Keywords: artificial intelligence, breast cancer, deep learning, mammography, screening
Introduction
Breast cancer is the most common cancer type and the second cause of cancer-based mortality in women according to the 2020 global cancer statistics. 1 Screening for breast cancer with mammography has shown a reduction in breast cancer mortality by many randomized trials and incidence-based mortality studies.2–5 Therefore, many developed countries have implemented large-scale mammography screening programs in the last 3 decades.

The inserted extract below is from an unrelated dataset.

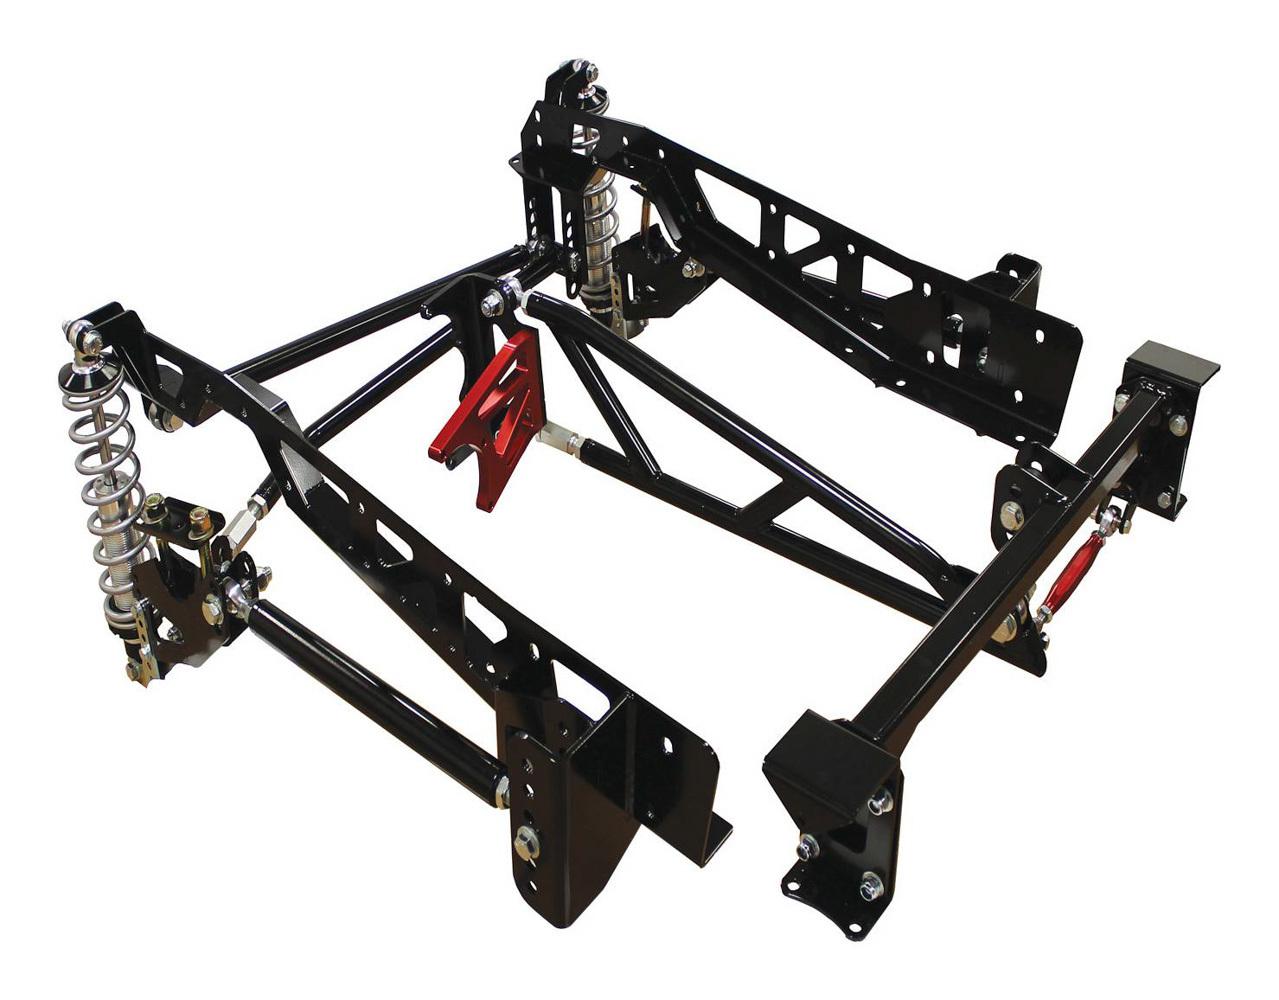 Qa1 Rear Suspension F100 Double Adjustable 65-72

But, despite these successful screening programs and improved treatment options, breast cancer is still one of the major causes of cancer-related death in women around the world. The efficiency of mammography remains controversial.6,7 The main reported disadvantages of mammography are high rates of false positives and false negatives. 8 Studies have shown that up to 30% to 40% of cancers can be missed during mammography screening and only 10% of women are recalled for further diagnostic workup and are diagnosed with breast cancer.9,10 This fact can be explained by many reasons as follows; dense breast tissue, false positioning, human interpretation error. On the other hand, important consequences of high recall rate and false positivity in daily practice are increased patient anxiety, excessive follow-up, and invasive diagnostic procedures. Due to these disadvantages, there has been a need for methods and techniques that will increase the sensitivity and specificity, and correct reading rates of mammography evaluation. Other radiological methods including ultrasound, digital breast tomosynthesis, and magnetic resonance imaging have been introduced for screening, but mammography is still the frontline and most common modality used around the globe.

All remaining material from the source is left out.